Queues de Nicholas Giguère aux éditions Septentrion

Par Jocelyn Gadbois

Septentrion a publié dans sa collection Hamac un petit livre de 112 pages intitulé simplement Queues. Dans ce dernier, Nicholas Giguère, qui vient de déposer sa thèse en études françaises sur les périodiques gais à l’Université de Sherbrooke, nous livre ce que l’on pourrait qualifier de monologue poétique intimiste trash sur la pulsion ou plus justement sur la fellation. Le narrateur, dans ce livre, nous confie ce qu’est la laideur de se dégoûter, de se dégoûter de se sentir inférieur, de se sentir inférieur à soi-même. L’auteur donne ainsi la parole à une partie de soi-même qu’on ne laisse habituellement jamais s’exprimer, une partie de soi-même que l’humain a généralement plutôt tendance à réprimer, voire à nier, tellement elle lui pue au nez.

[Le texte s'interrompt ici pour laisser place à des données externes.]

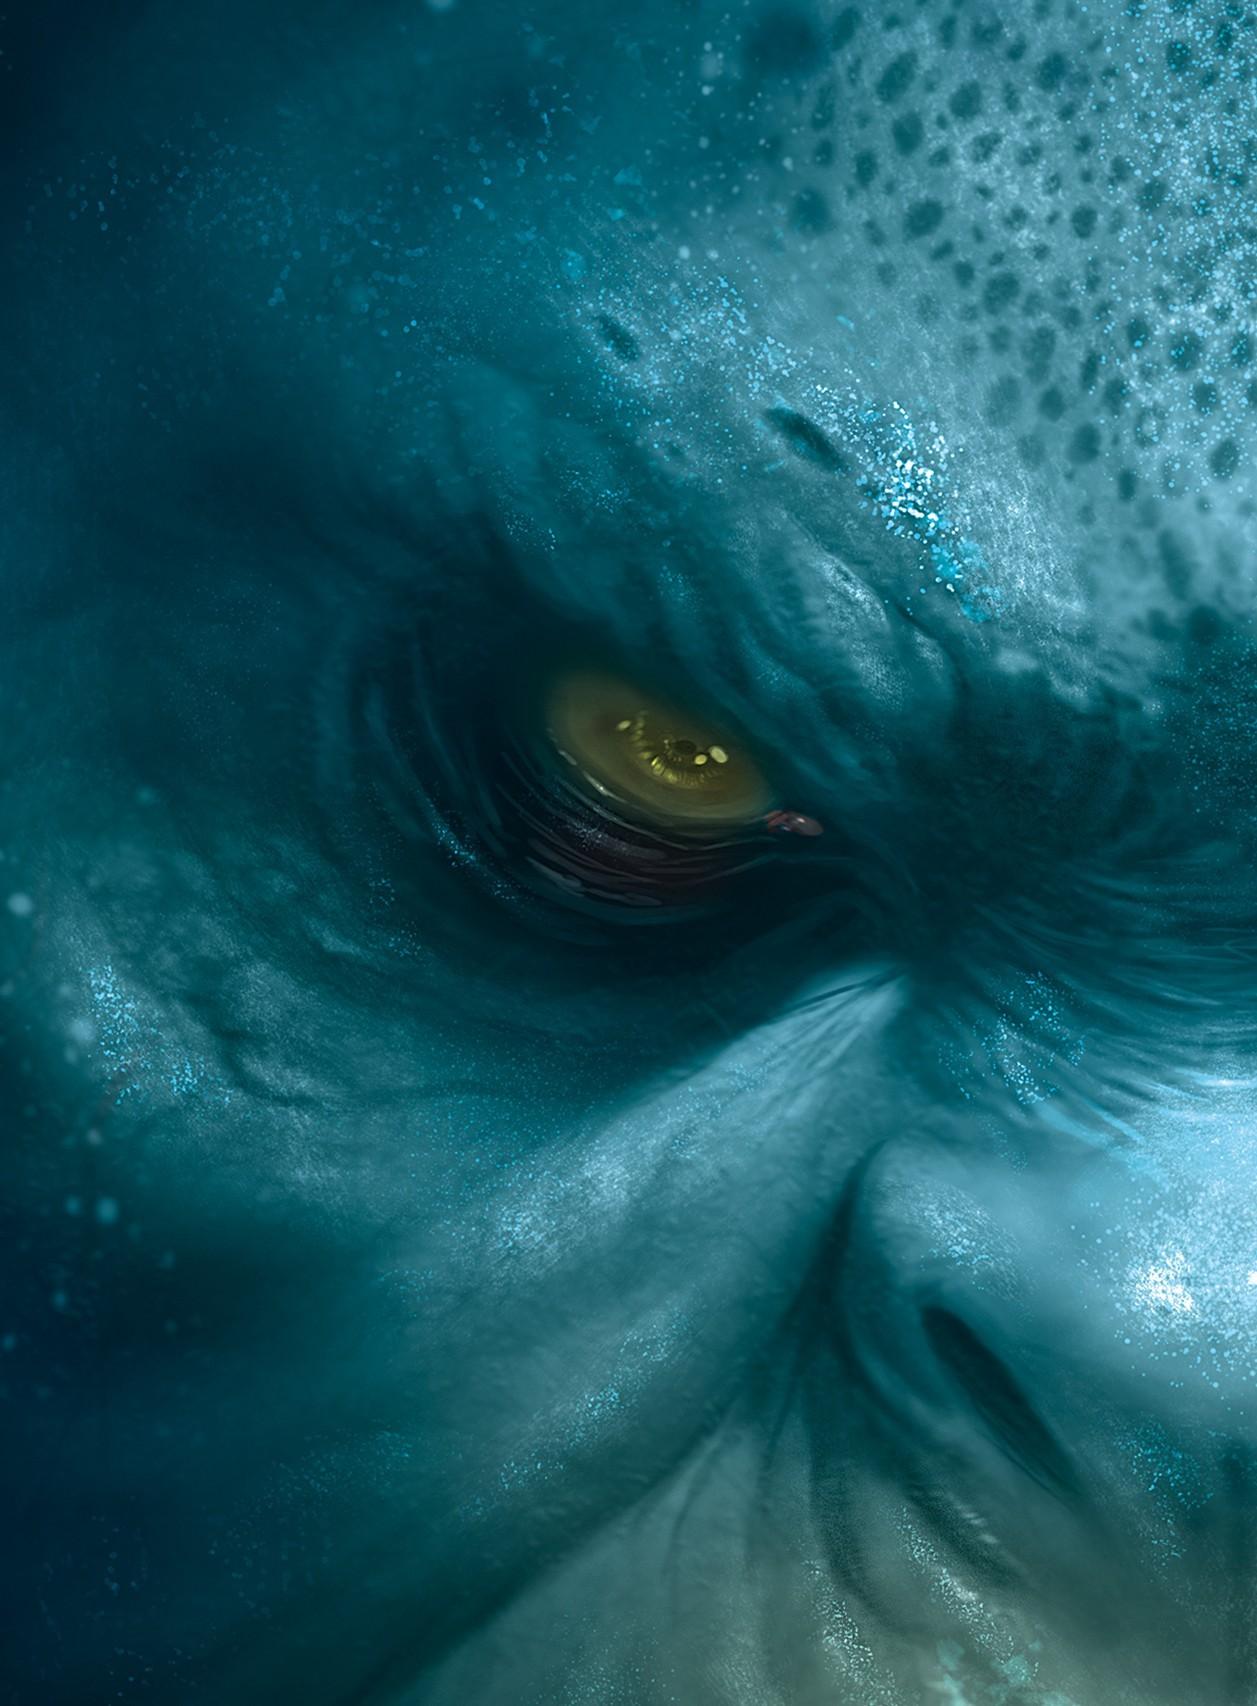 Abyss, Abyss, Abyss, Abyss et Abyss sont dans un bateau

Grâce à cette démarche, le récit devient d’une honteuse lucidité. Il est obscène sans toutefois être érotisant. Il est dépouillé de tout sens de la moralité pour ne conserver que ce qu’il y a de plus humain. Après notre lecture, l’Alliance Arc-en-ciel avait trois questions à poser à lui poser. Voici ses réponses.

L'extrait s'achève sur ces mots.